[Data block]:

········

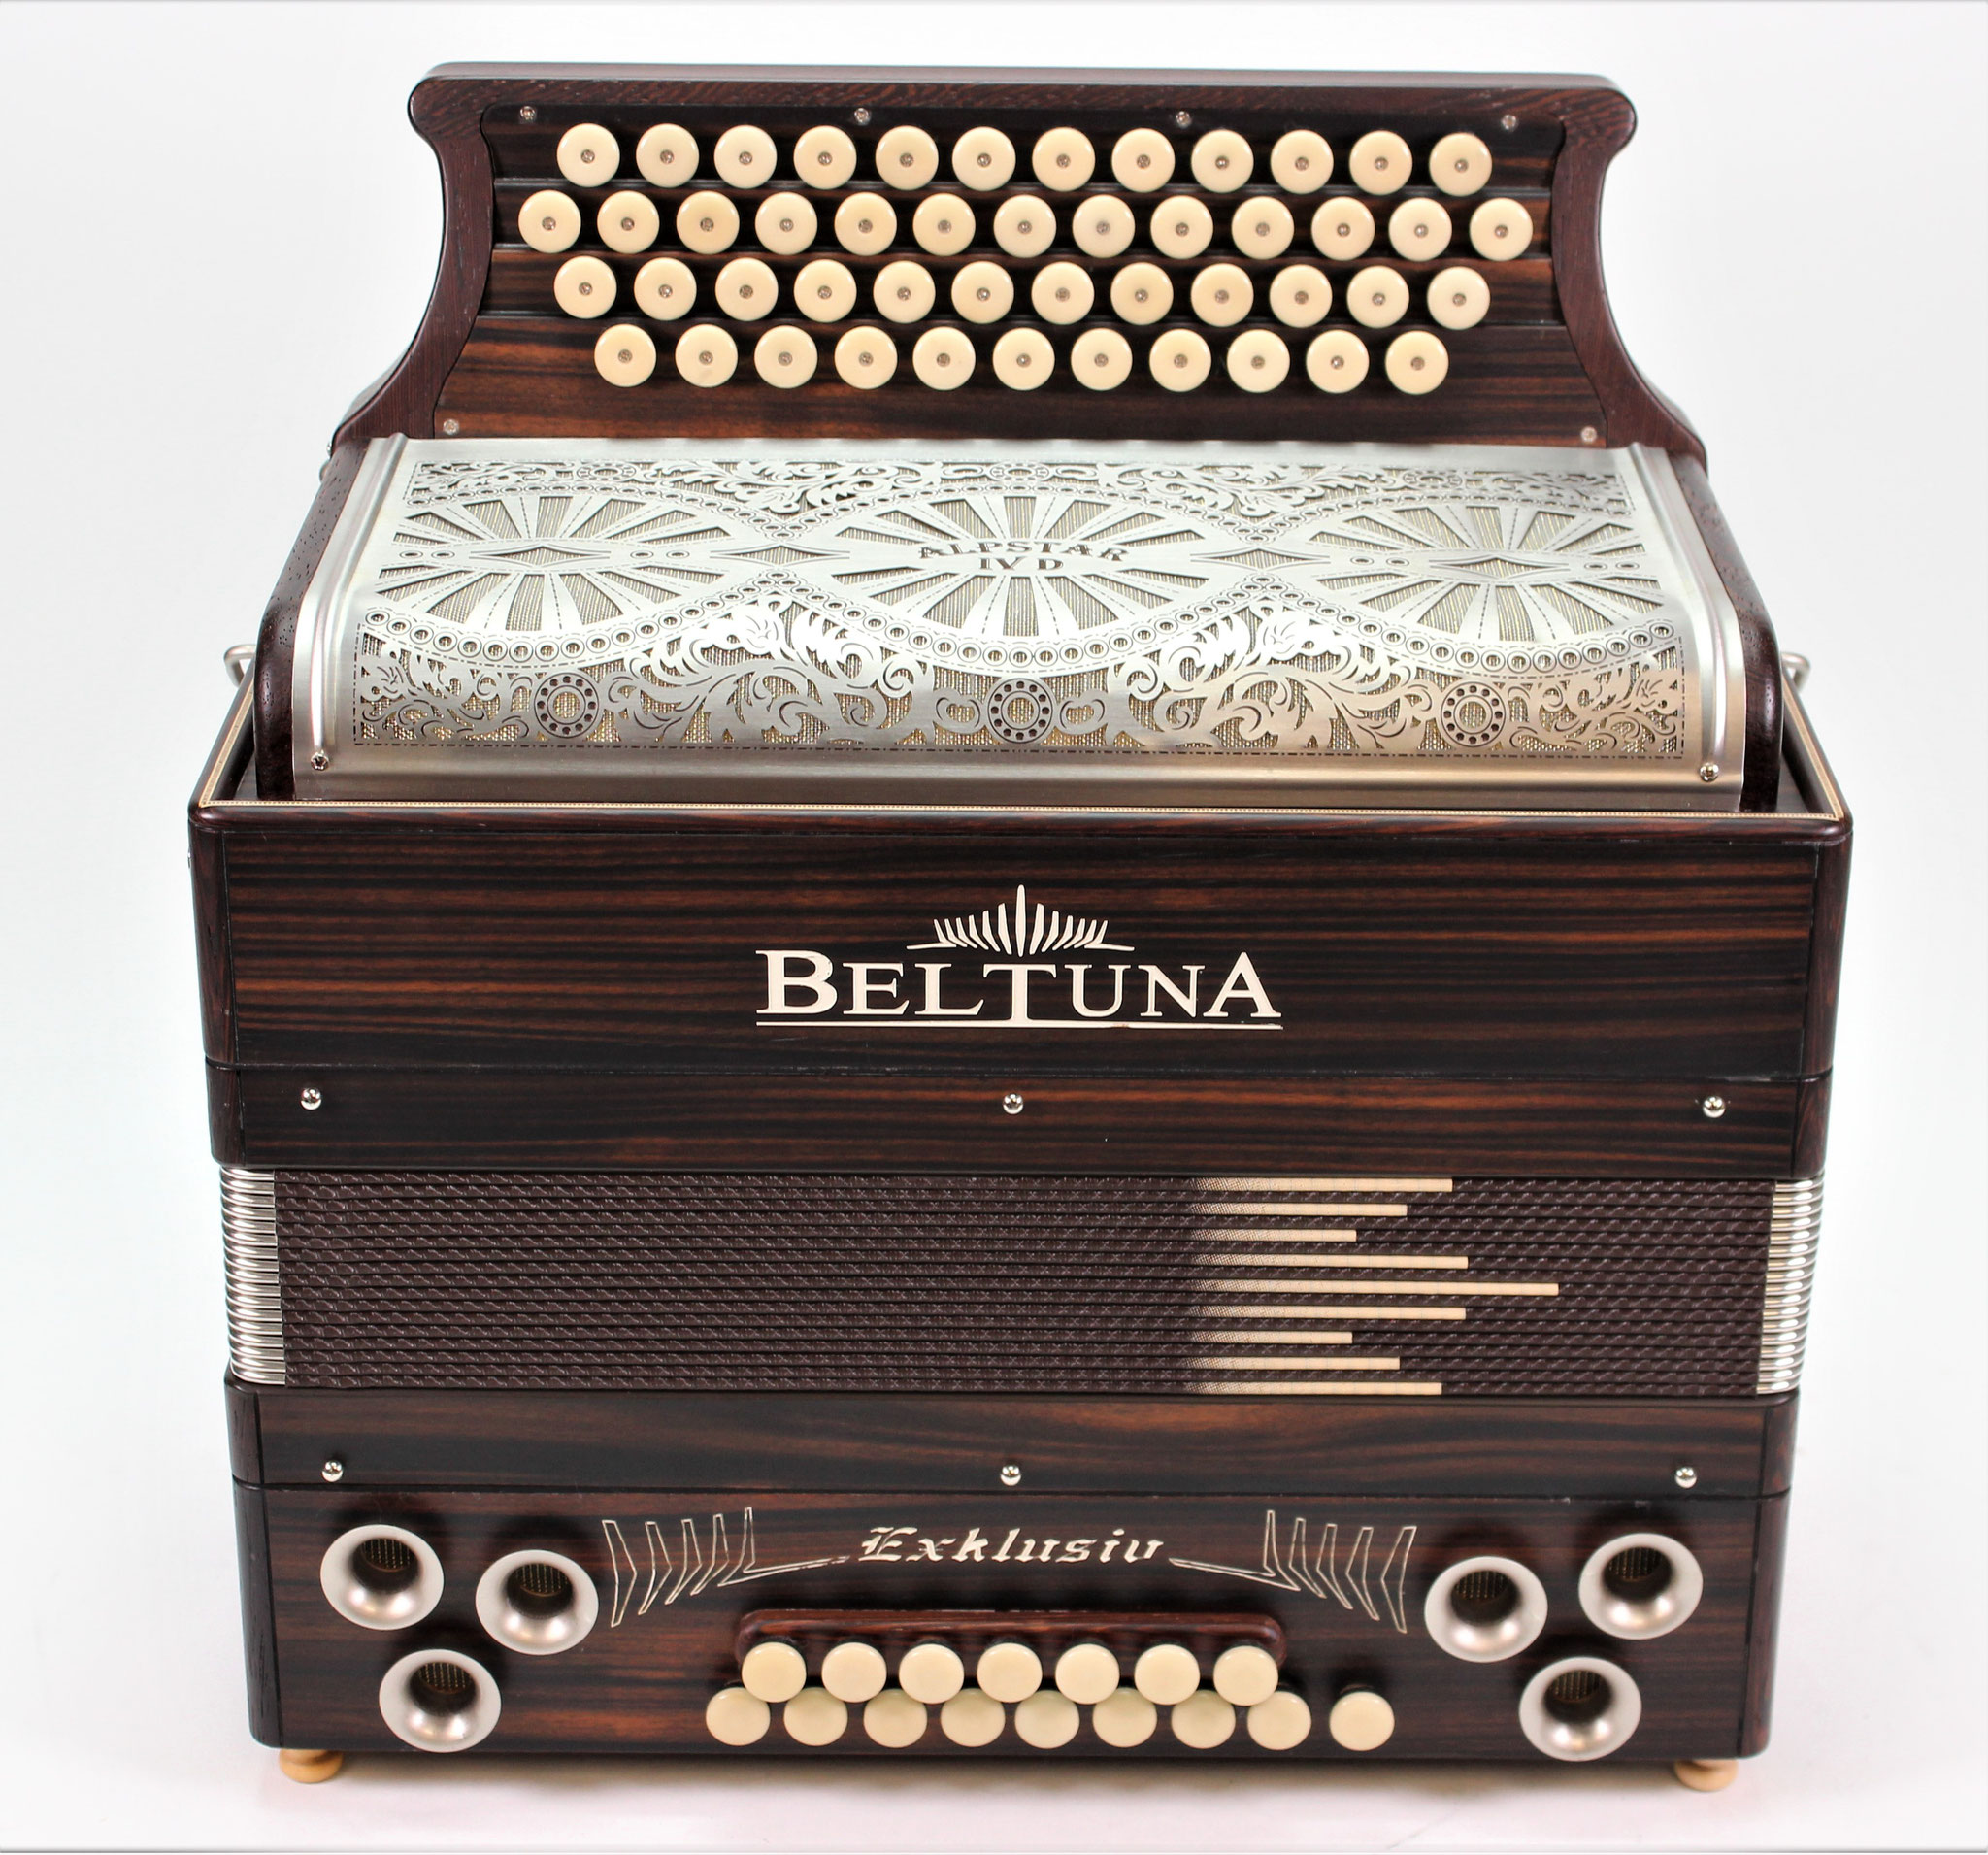 Beltuna Alpstar IV D Exklusiv, ebano
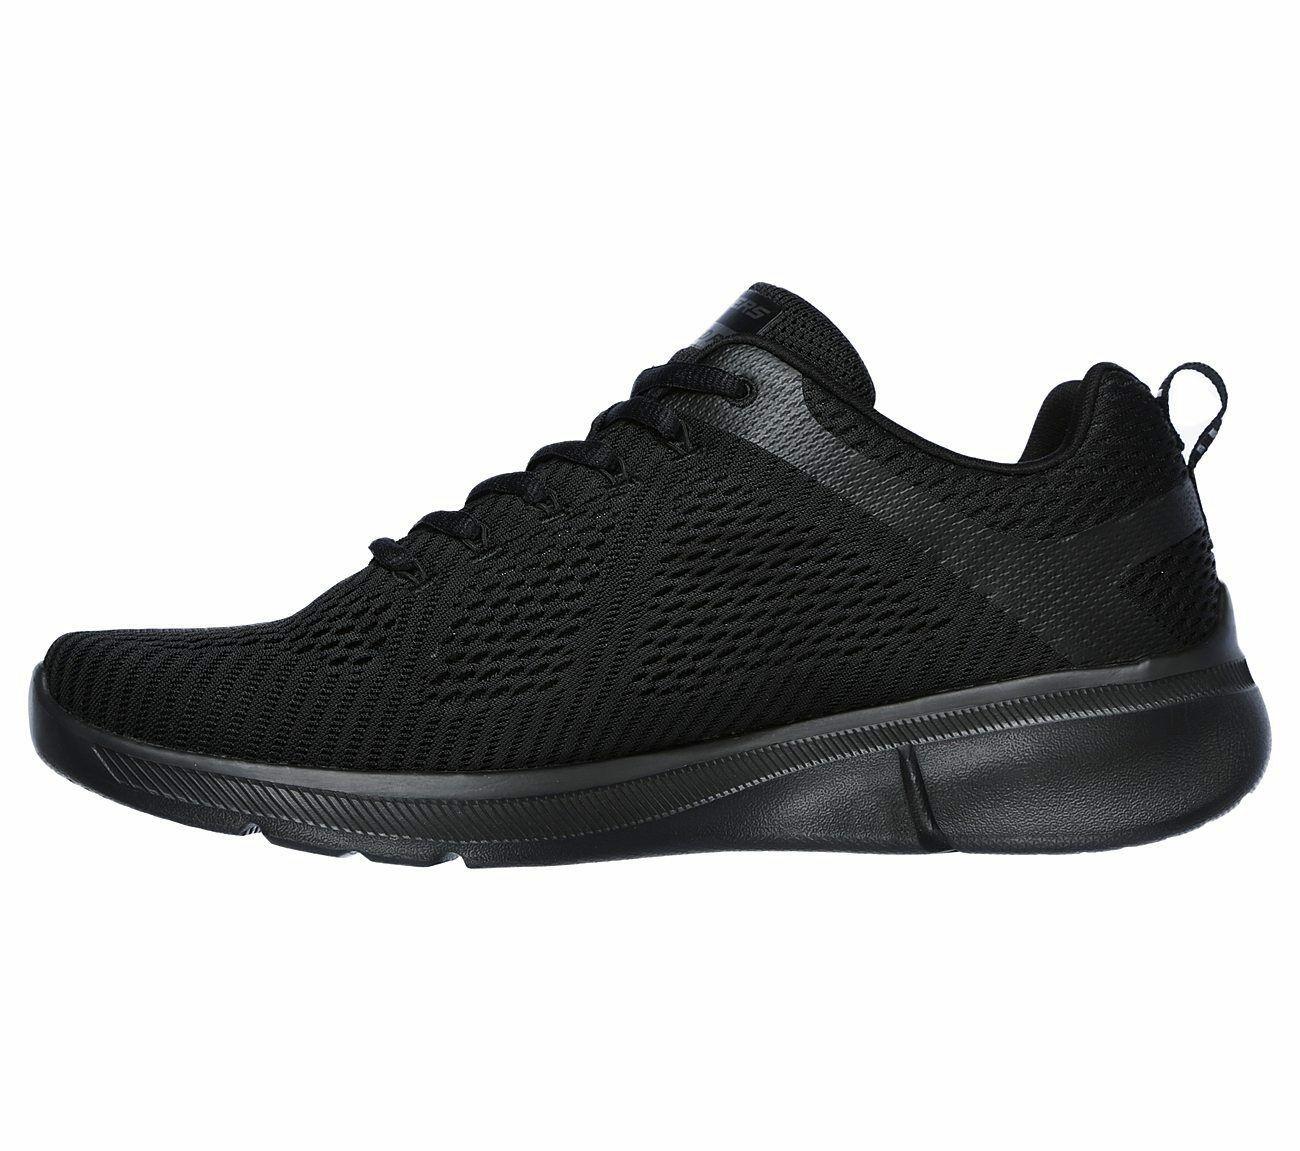 Skechers Black shoe Men Memory Foam Soft Mesh Train Sport Comfort Athletic 52927
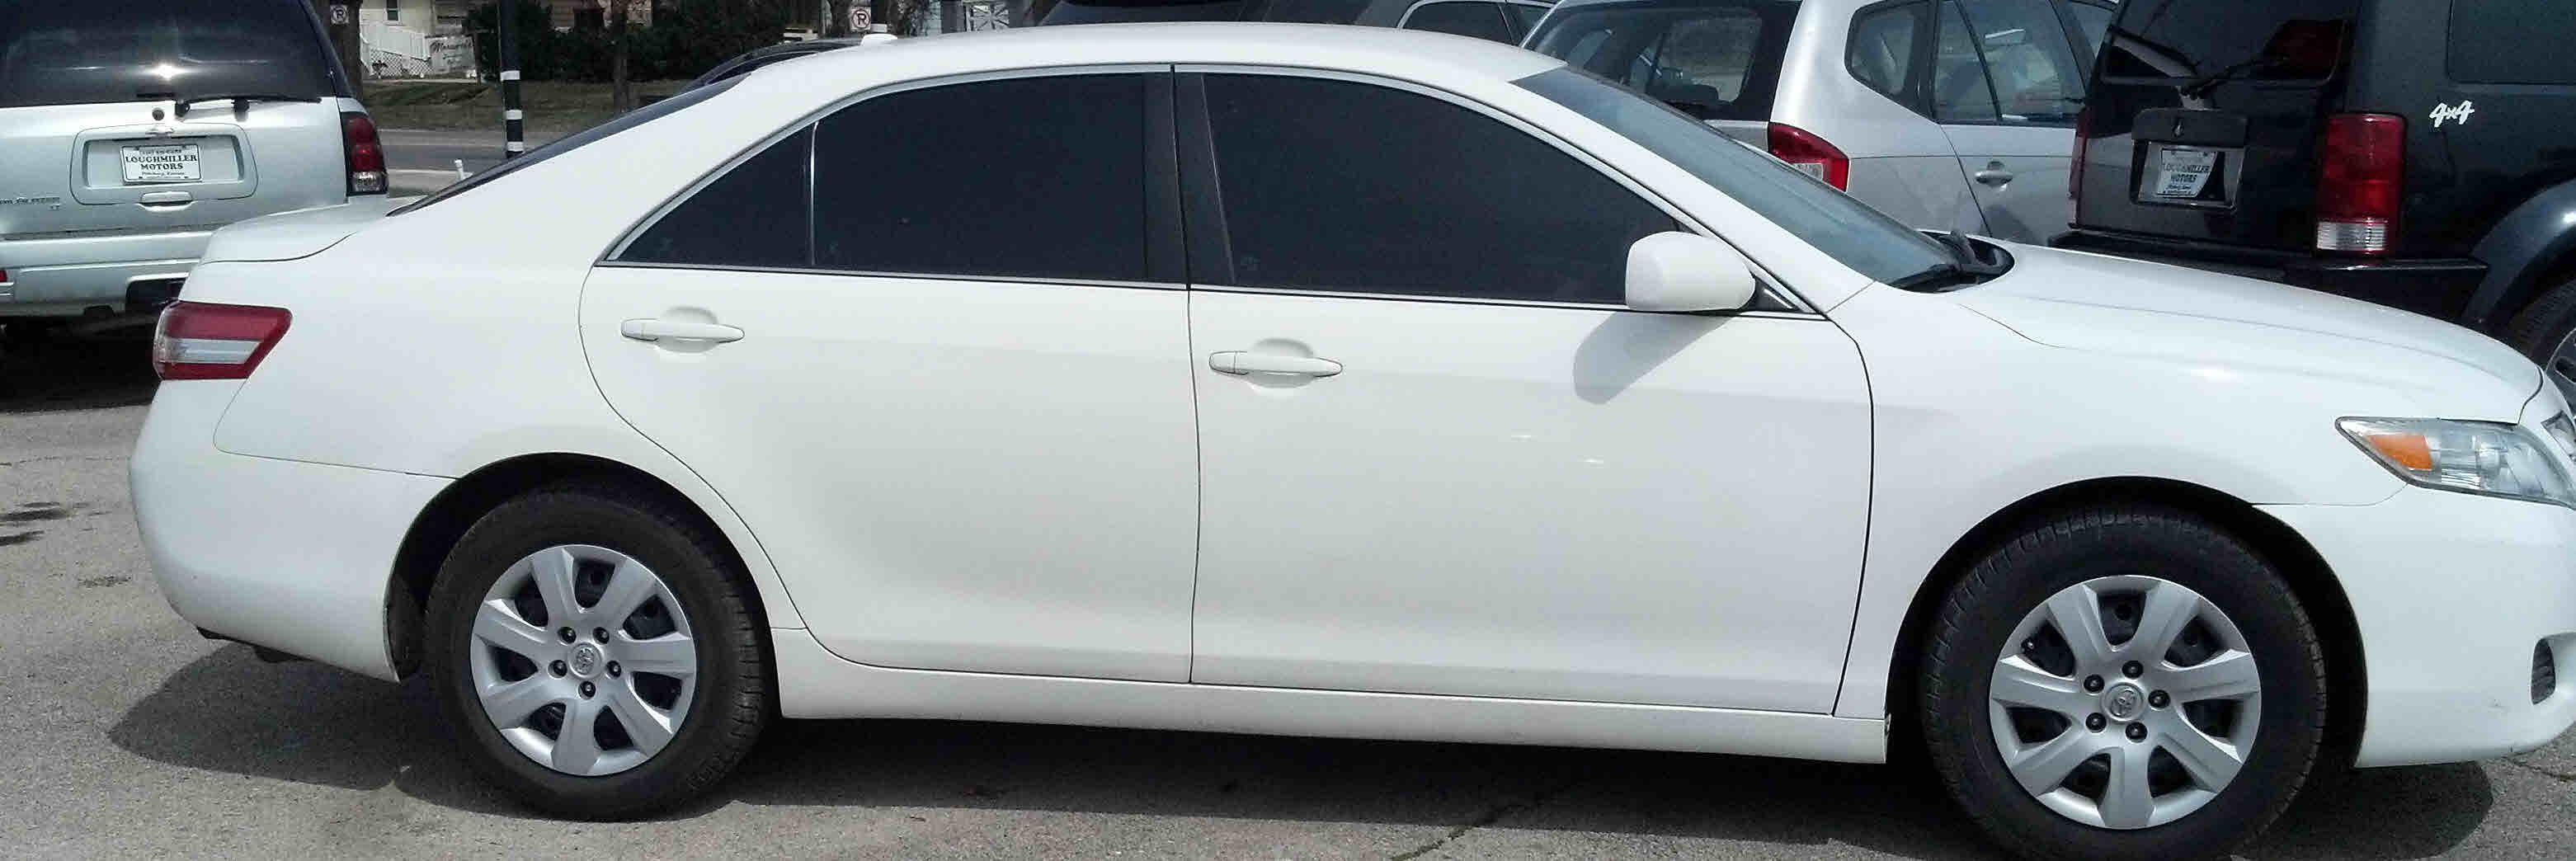 Name for a white car carsjp loughmiller motors publicscrutiny Choice Image
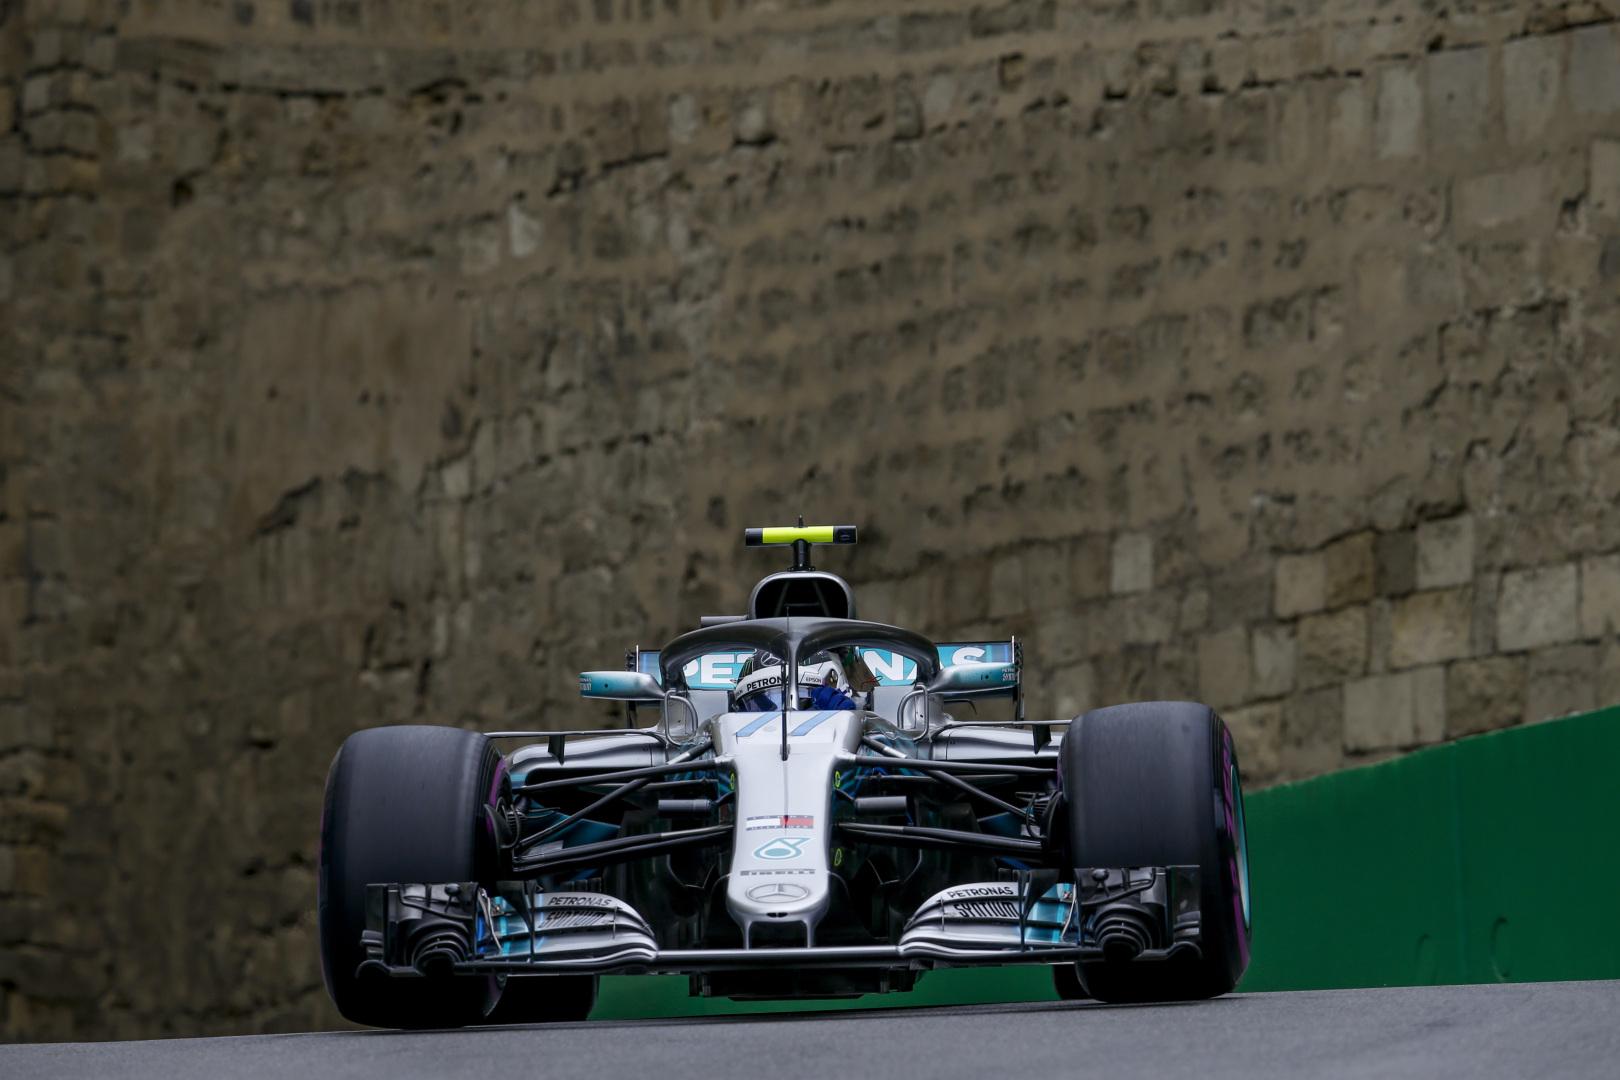 F1: Bottas majdnem faképnél hagyta a Mercedest

········

[Your objective]:
What this calls for is a word-for-word copy of the listing above, pictures excluded.

[Result for this task]:
 Beltuna Alpstar IV D Exklusiv, ebano
 Skechers Black shoe Men Memory Foam Soft Mesh Train Sport Comfort Athletic 52927
 Name for a white car carsjp loughmiller motors publicscrutiny Choice Image
 F1: Bottas majdnem faképnél hagyta a Mercedest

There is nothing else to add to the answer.